We're now going to illustrate the process of reading a Meta dataset for a random country, in this case Angola. The dataset consists of three columns: longitude, latitude, and the population, which is named as the country's ISO-3 code, followed by 'general', and the year in which the estimate took place. Since all the information is stored in the file's name, it's easy to iteratively find the population column's name, and then rename it as a more commonplace 'population'.

In [2]:
ago = pd.read_csv(f'{cart}\\ago_general_2020.csv')
ago

Unnamed: 0,longitude,latitude,ago_general_2020
0,11.751806,-3.999861,7.292872
1,13.914028,-3.999861,11.271312
2,13.916806,-3.999861,11.271312
3,13.917639,-3.999861,11.271312
4,13.917917,-3.999861,11.271312
...,...,...,...
5687940,22.232361,-18.999028,3.144540
5687941,23.769583,-18.999306,3.126035
5687942,23.770139,-18.999306,3.126035
5687943,23.770417,-18.999306,3.126035


In [3]:
file = 'ago_general_2020.csv'
country = file[0:3]
anno = file[12:16]
nome_var = country + '_general_' + anno

ago = ago.rename(columns = {nome_var: 'population', 'latitude': 'lat', 'longitude': 'lon'})

In [4]:
ago.describe()

Unnamed: 0,lon,lat,population
count,5687945.0,5687945.0,5687945.0
mean,17.63886,-8.936835,12.78684
std,3.833931,4.499281,13.14782
min,11.23764,-18.99958,0.0
25%,14.78986,-12.54819,5.726582
50%,16.15236,-7.005972,9.23722
75%,21.33736,-5.227361,14.78771
max,24.99958,-3.999861,179.8801


The assignment of each point to its own quadkey 14 tile is easily done thanks to pyquadkey2's quadkey.from_geo() function.

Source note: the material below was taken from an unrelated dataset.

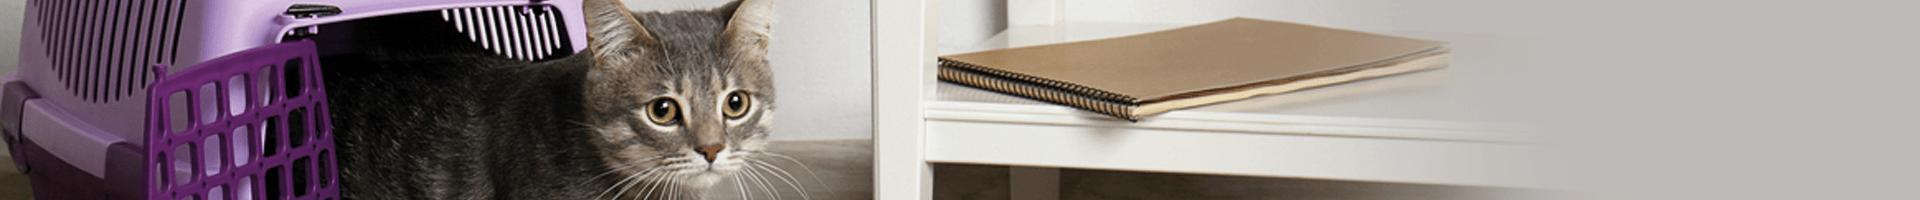 katzen im urlaub in die katzenpension. Black Bedroom Furniture Sets. Home Design Ideas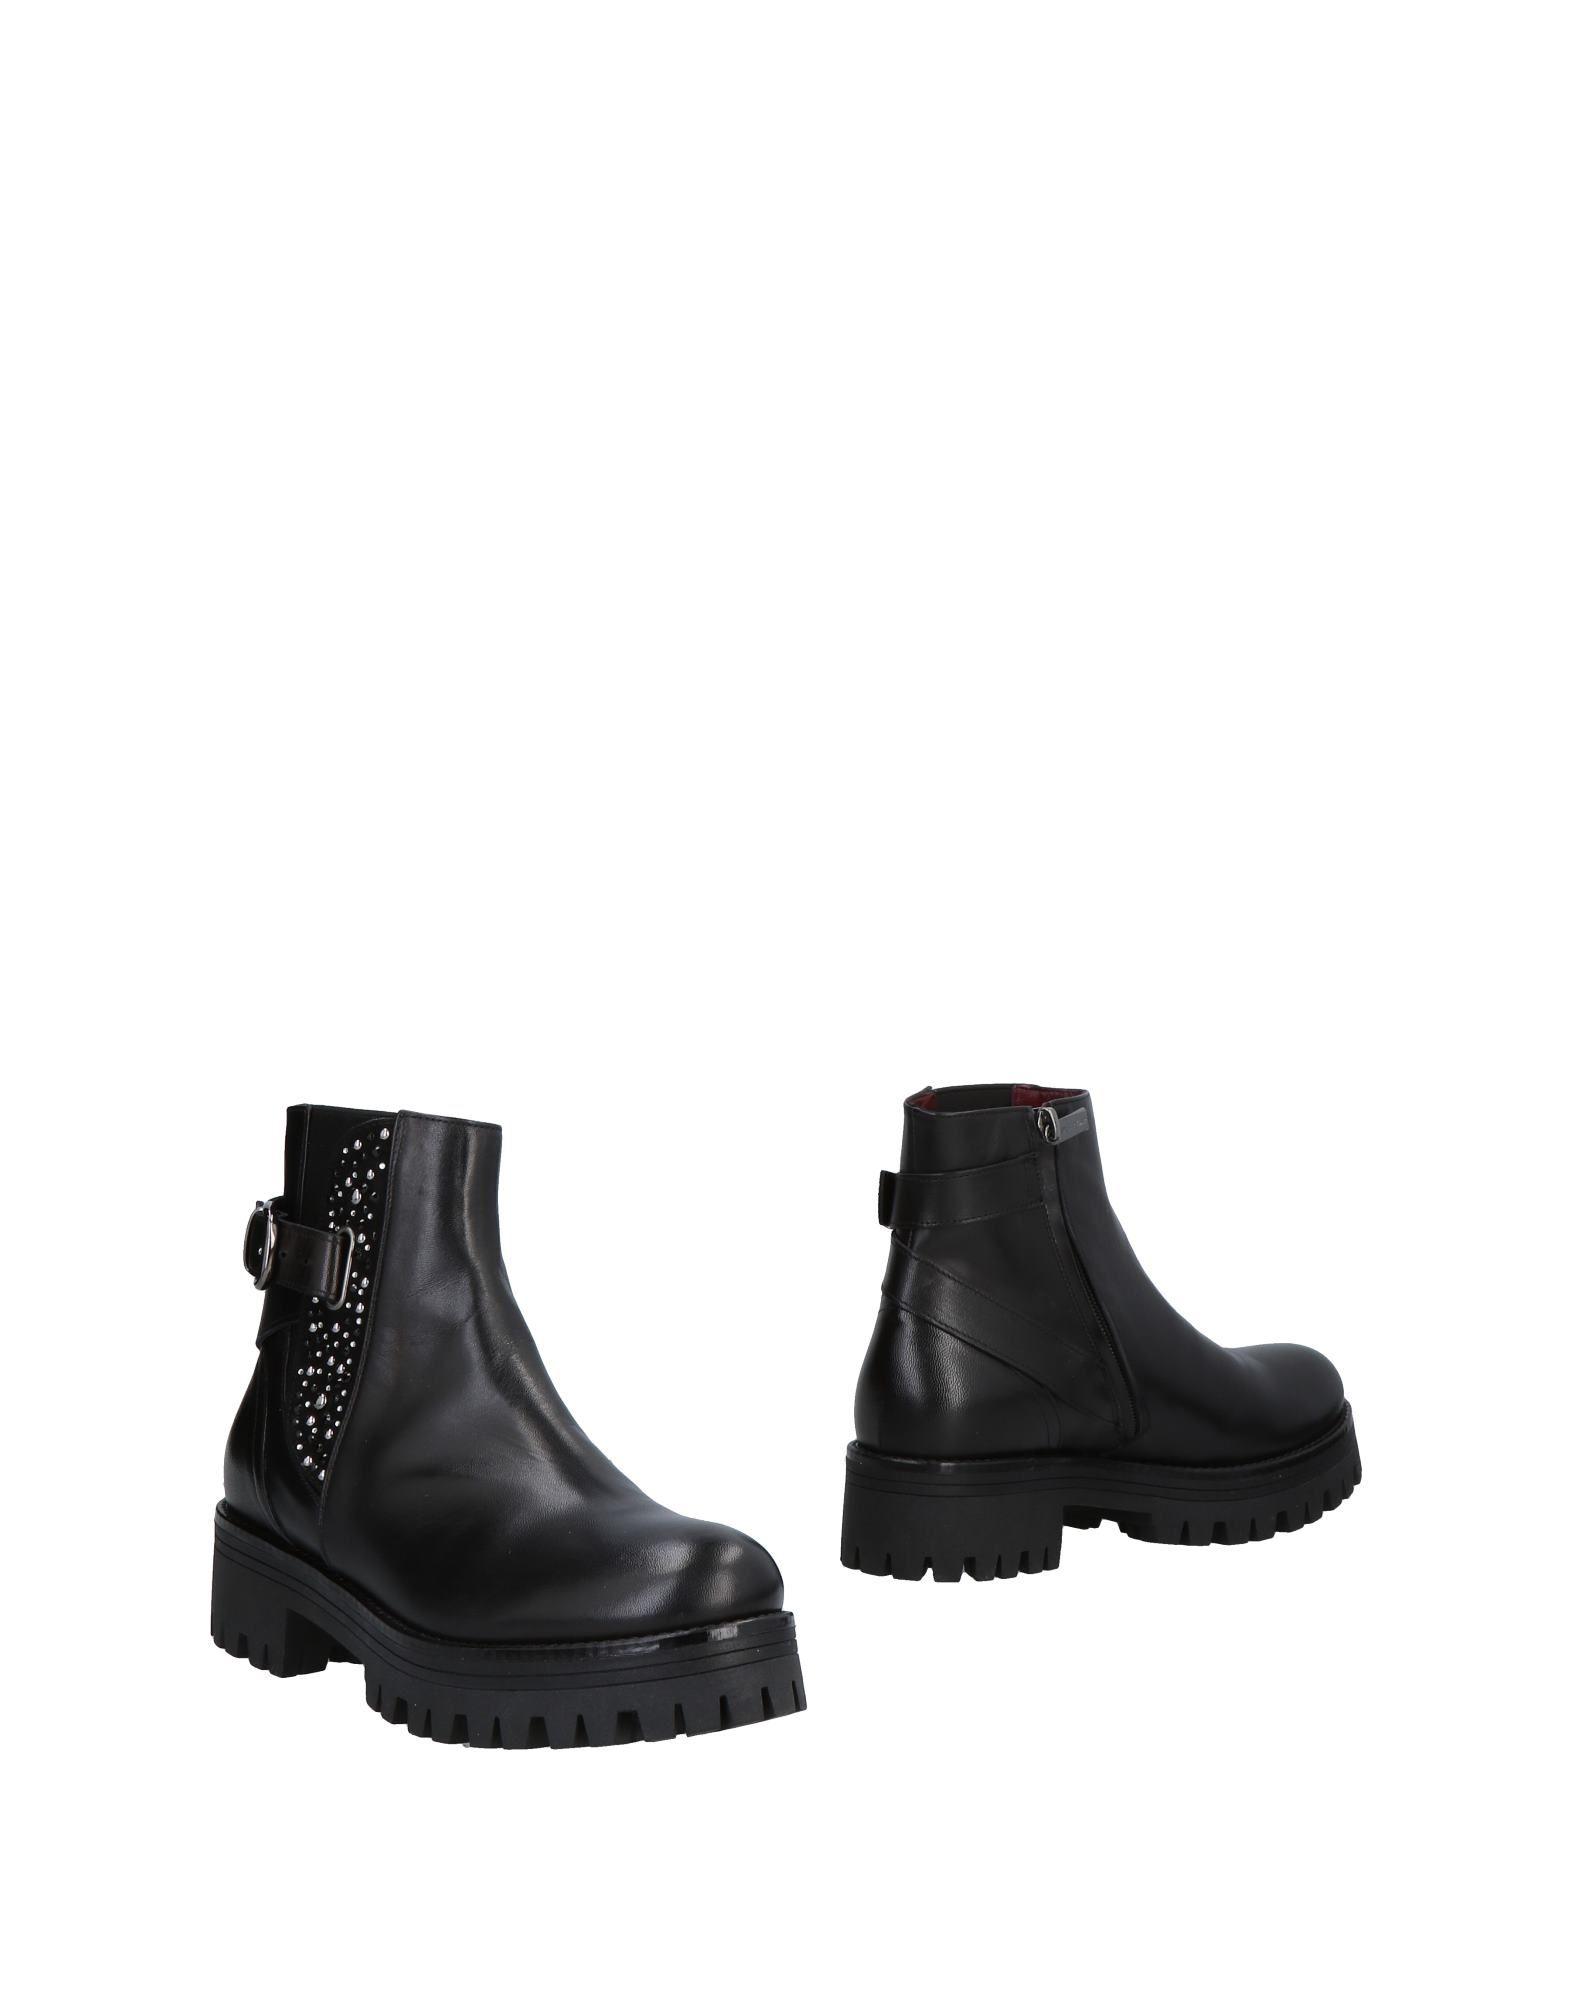 Bottine Loretta Pettinari Femme - Bottines Loretta Pettinari Noir Nouvelles chaussures pour hommes et femmes, remise limitée dans le temps

In this case, there are 99,565 separate quadkeys for the country of Angola.

In [5]:
from pyquadkey2 import quadkey
ago['quadkey'] = ago.apply(lambda x: str(quadkey.from_geo((x['lat'], x['lon']), 14)), axis=1)
len(ago.quadkey.unique())

99565

The 'population' value represents the estimated population density. We estimate the true value of the quadkey 14 tile to be the mean of all the points within the tile.

In [6]:
ago = ago.groupby('quadkey', as_index = False).population.mean()
ago.describe()

Unnamed: 0,population
count,99565.0
mean,10.431596
std,6.949121
min,0.0
25%,5.88245
50%,9.140633
75%,13.760512
max,95.530343


The script is automated for the remaining countries

In [None]:
for file in lista:
    df = pd.read_csv(path + '\\' + file)

    country = file[0:3]
    anno = file[12:16]
    nome_var = country + '_general_' + anno

    diz = {nome_var: 'Population', 'population_2020': 'Population', 'latitude': 'LATNUM', 'longitude': 'LONGNUM', 'Lat': 'LATNUM', 'Lon': 'LONGNUM'}
    
    df = df.rename(columns = diz)

    print(f'getting quadkey for {country}...')
    df['quadkey'] = df.apply(lambda x: str(quadkey.from_geo((x['LATNUM'], x['LONGNUM']), 14)), axis=1)
    
    print(f'grouping quadkeys for {country}...')
    df_group = df.groupby('quadkey', as_index = False).mean()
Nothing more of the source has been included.